A former student of San Diego’s Thomas Jefferson School of Law (TJSL) whose wife is dying of cancer is suing the school for misrepresenting its postgraduation employment figures, leaving him driving an Uber to support his family.
Clark Moffatt, 35, graduated from the law school in 2006, but failed the bar twice–once in California and once in Texas, according to the San Francisco Chronicle. He states that he’s never worked in the legal profession or made more than $25,000 a year, forcing him to live in a rented mobile home surviving on food stamps along with his wife and two children.
Seven other students also filed suit against the school in 2014 for inflating its postgraduation employment figures and salaries; four others filed suit in 2011. The Associated Press reported that the school is accused of reporting postgraduation employment figures that exceeded 70 percent and topped 90 percent in 2010, but failing to explain that some of the jobs were part-time work.
TJSL’s response, in its court filing asserted, “At all times, TJSL calculated its employment statistics in full compliance with the [American Bar Association’s] reporting guidelines for law schools and the requirements of US News.”

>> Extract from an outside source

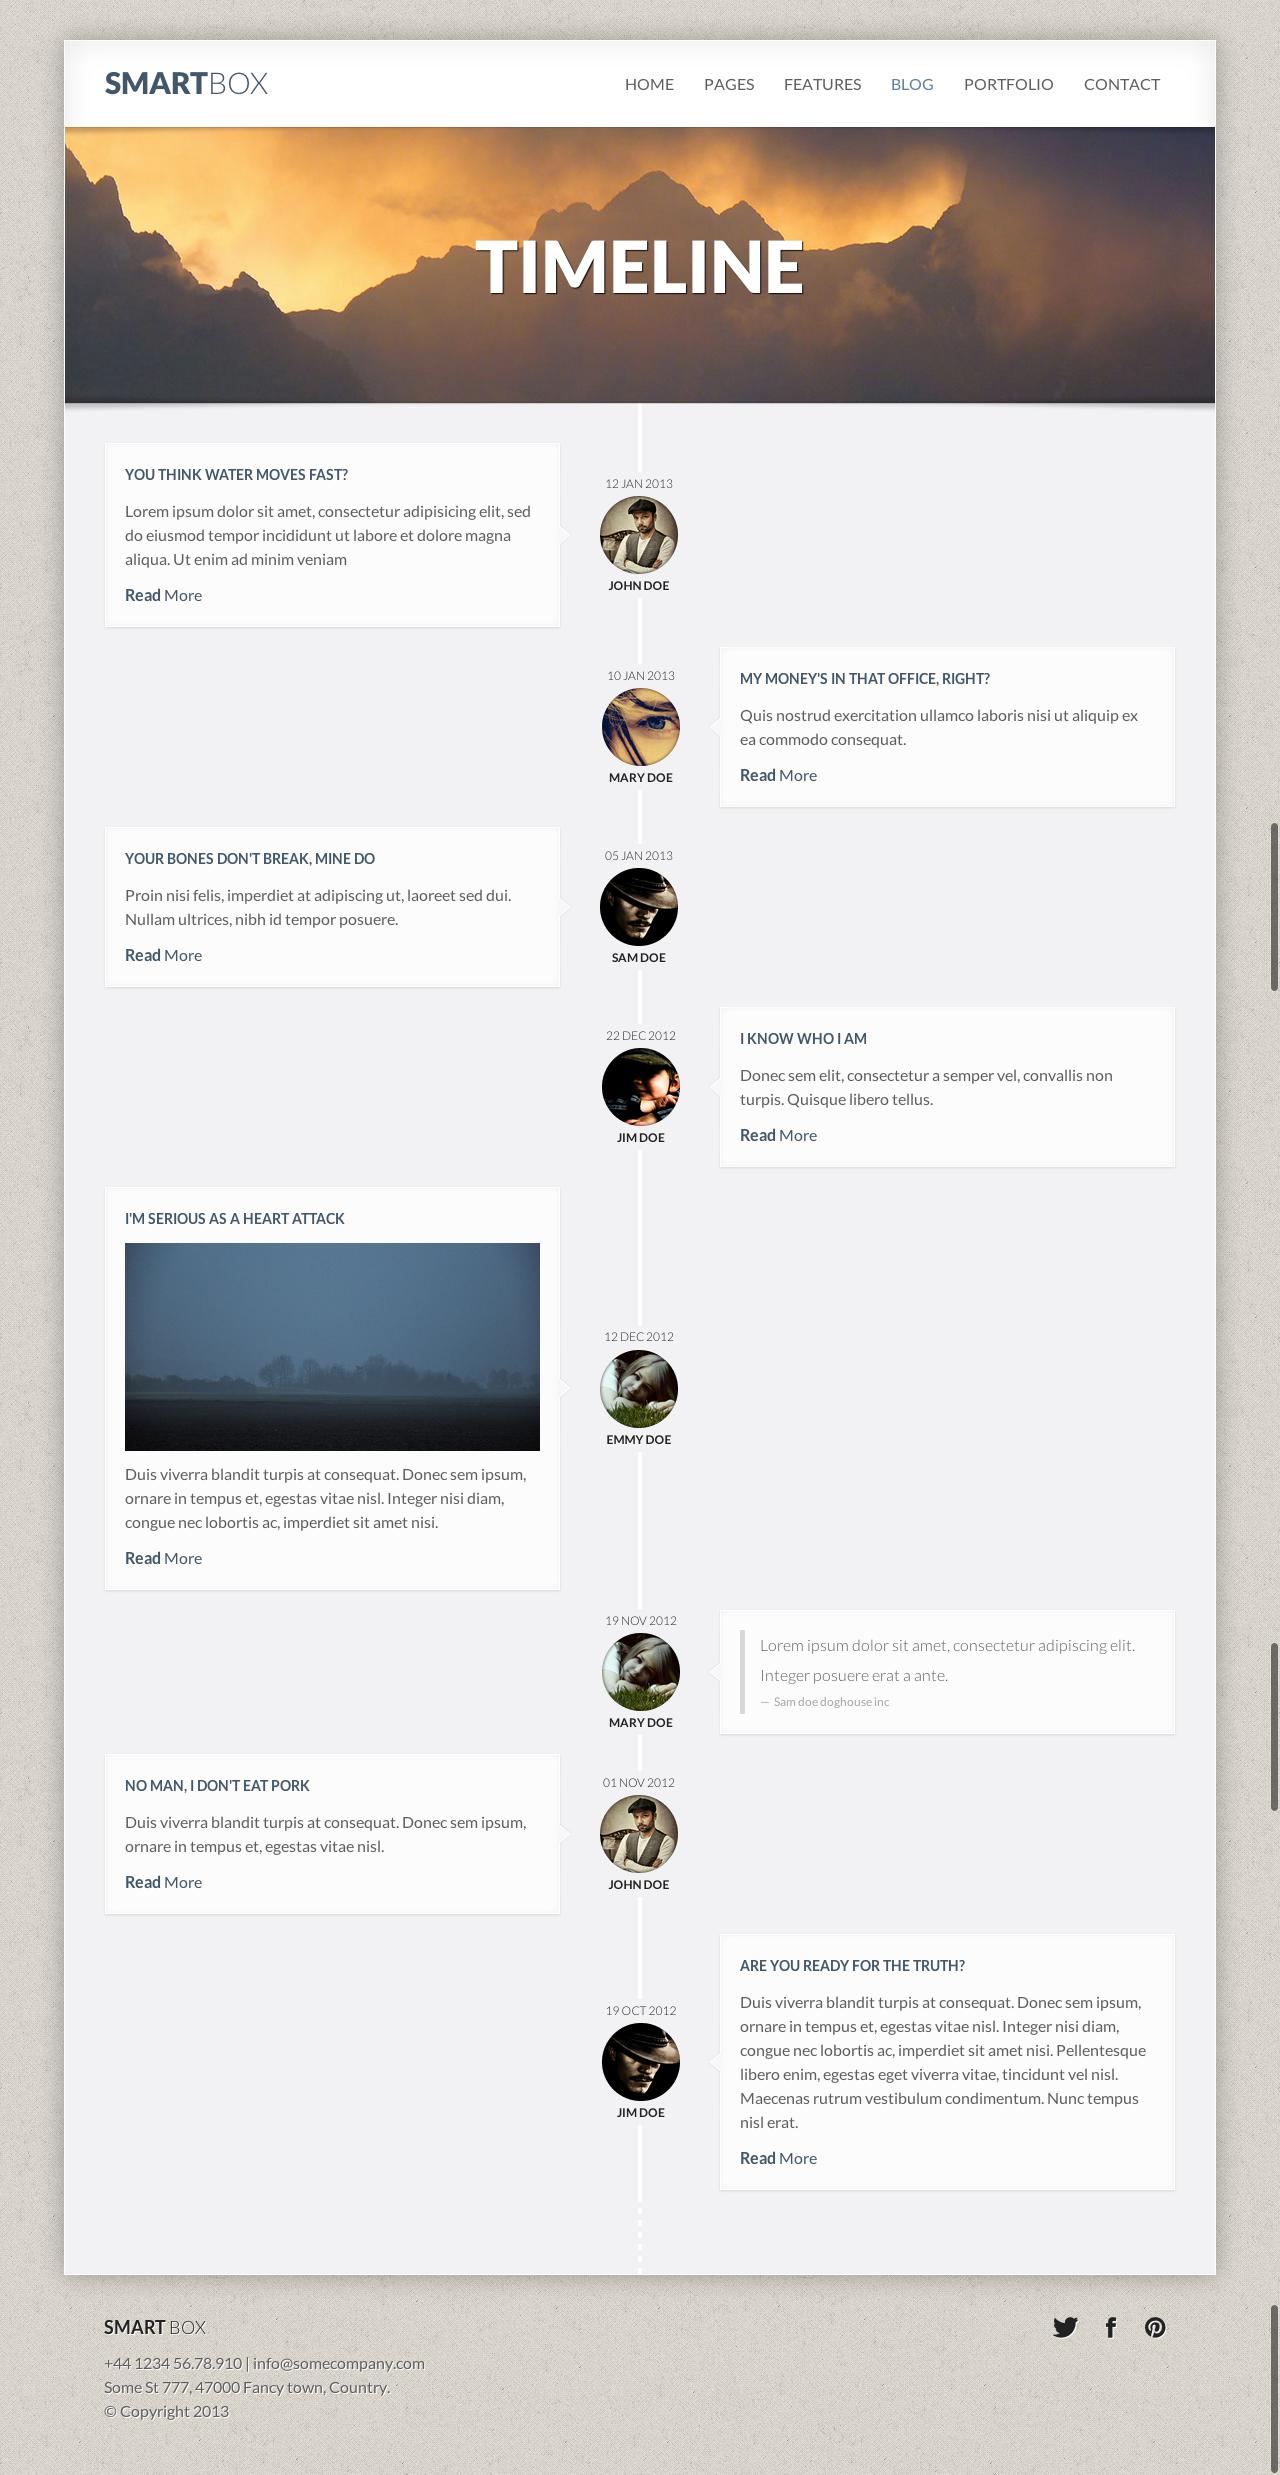 SmartBox Responsive WordPress Bootstrap Theme - Timeline website template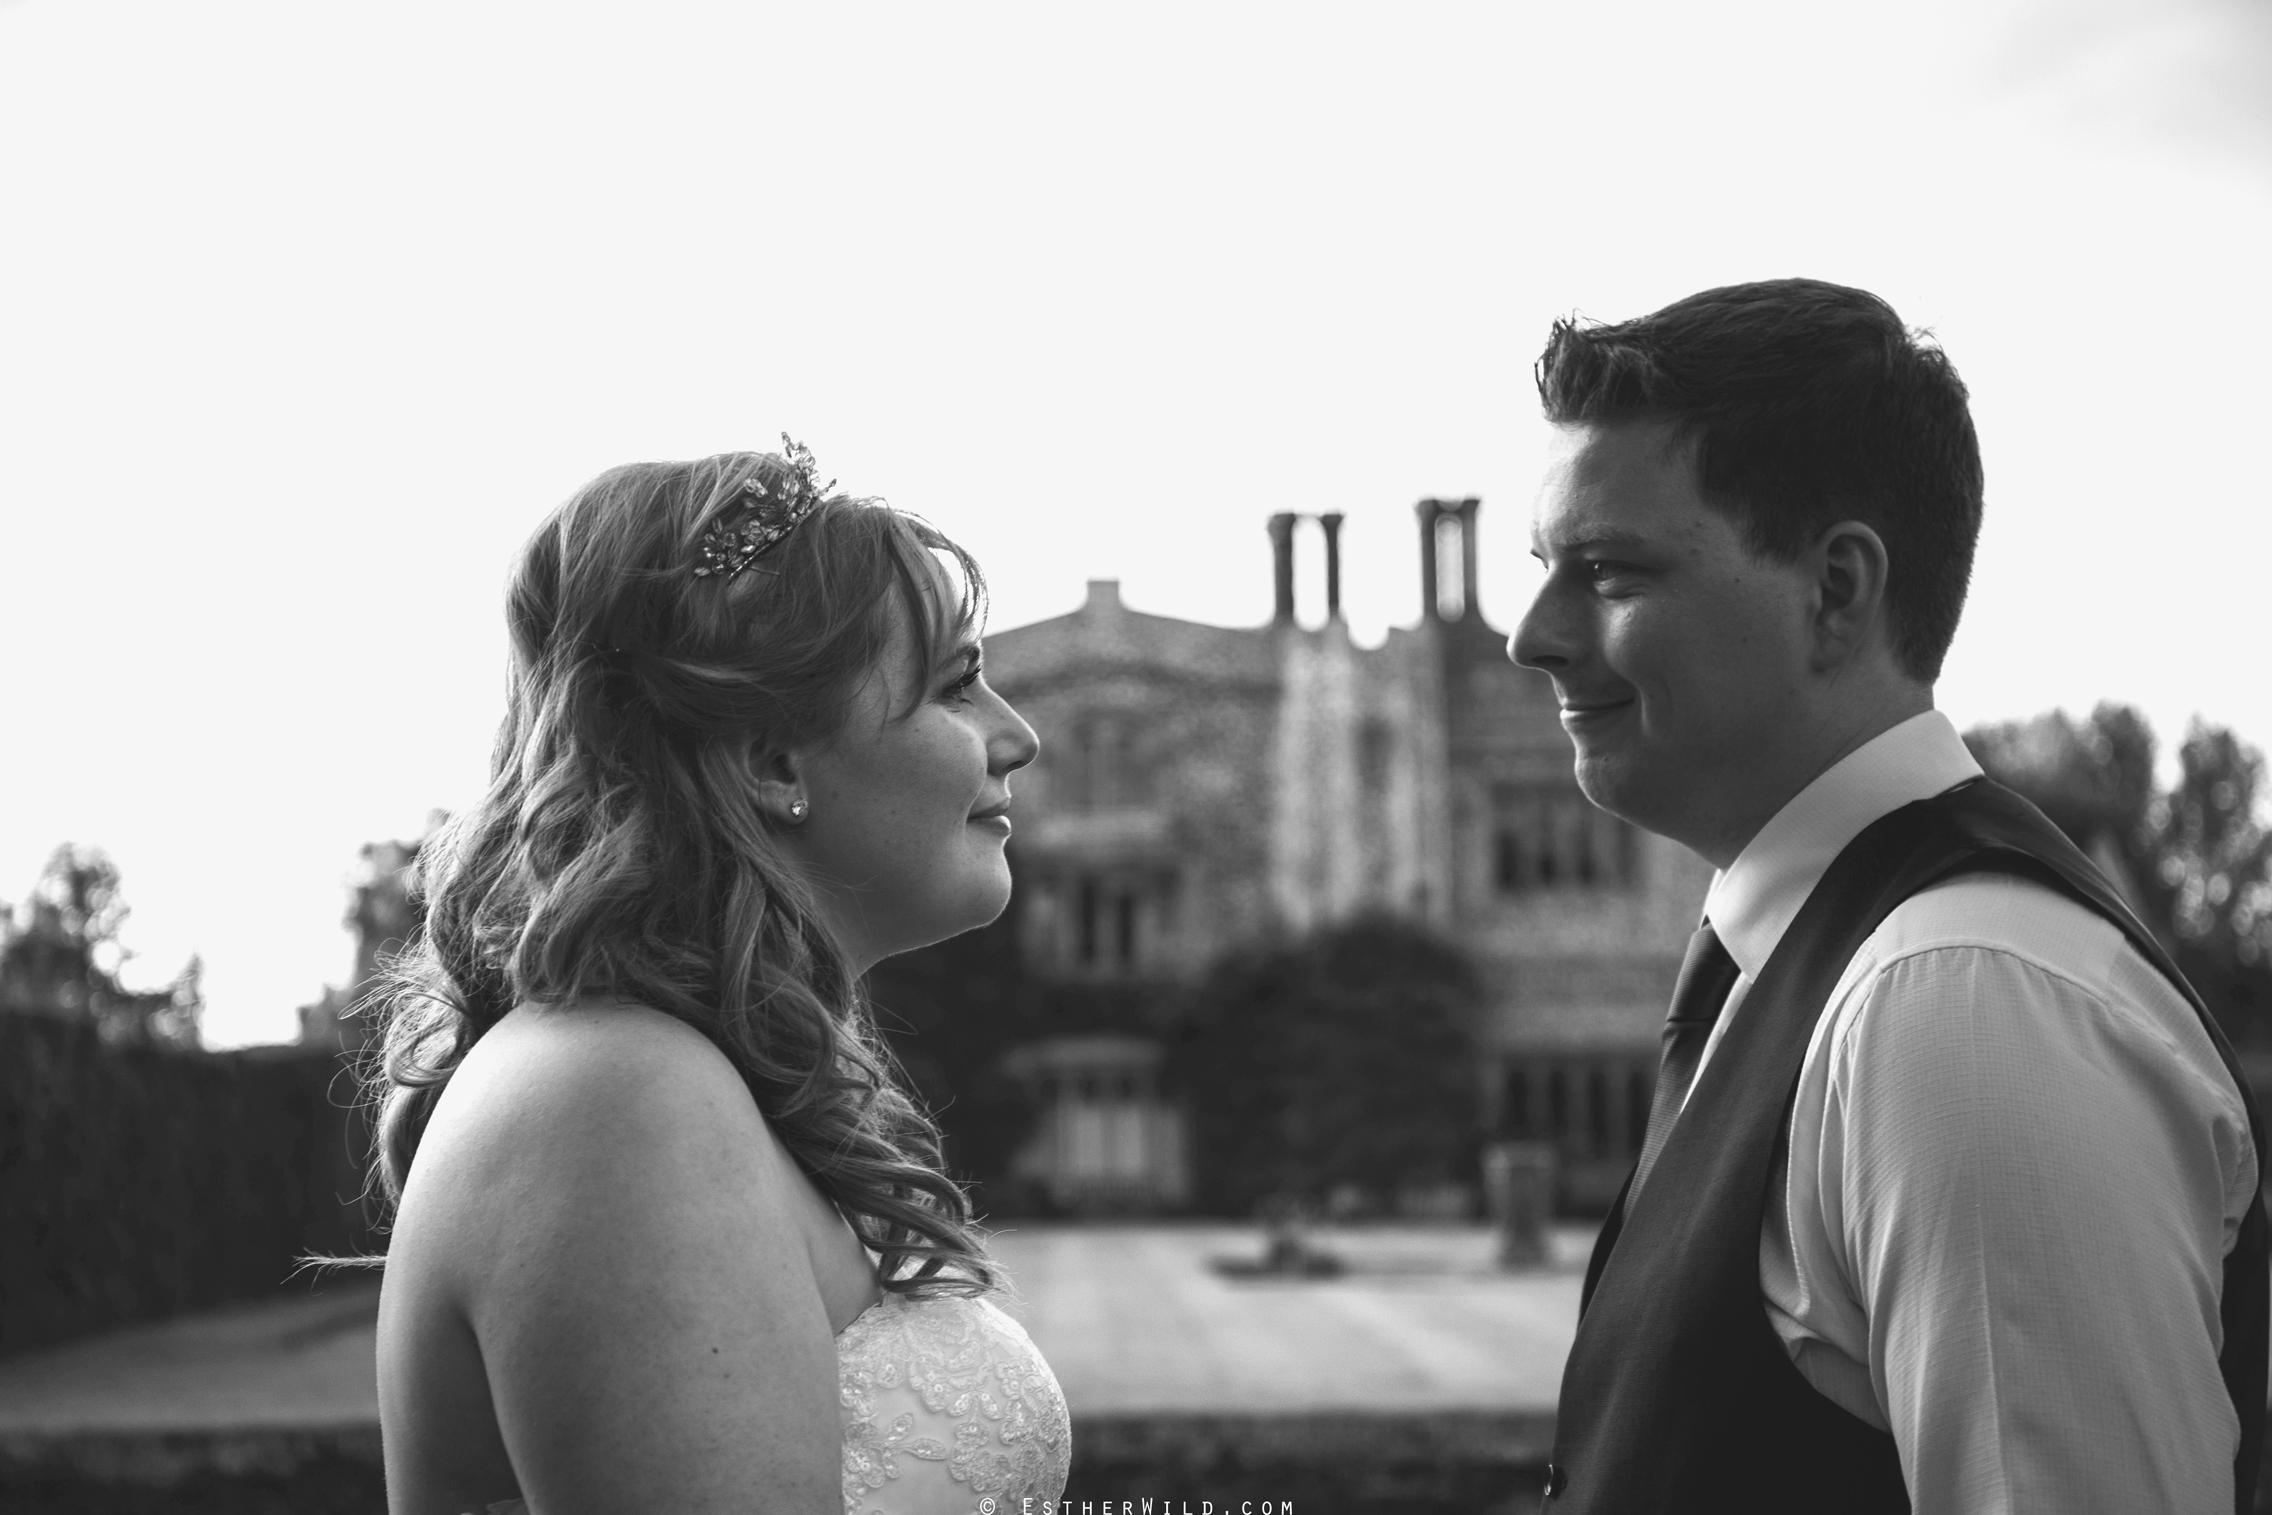 Norfolk_Wedding_Photographer_Mannington_Hall_Country_Esther_Wild_2566-1.jpg

TJSL, originally known as Western State University College of Law, was owned by Education Management Corporation (EDMC), but went out on its own in 1995.
Moffatt graduated from the University of North Texas in 2003 with a 4.0 GPA and bachelor’s degree in criminal justice. He allegedly selected TJSL over North Texas and Baylor University for its supposed high graduation rates and postgraduation employment statistics, as well as TJSL’s prompt response to his inquiry and the sun of Southern California.
Moffat argues that his failures at the bar exams stemmed from the school’s poor in-house bar-preparation service. Although Moffat had no student debt after graduating from North Texas, as he received a scholarship, he obtained $120,000 in student loans to finance his TJSL degree, which ballooned to more than $170,000 after interest kept accruing.
The Wall Street Journal reported that graduates of law schools filed over a dozen class-action lawsuits in 2011 and 2012, although most of the suits were rejected by courts.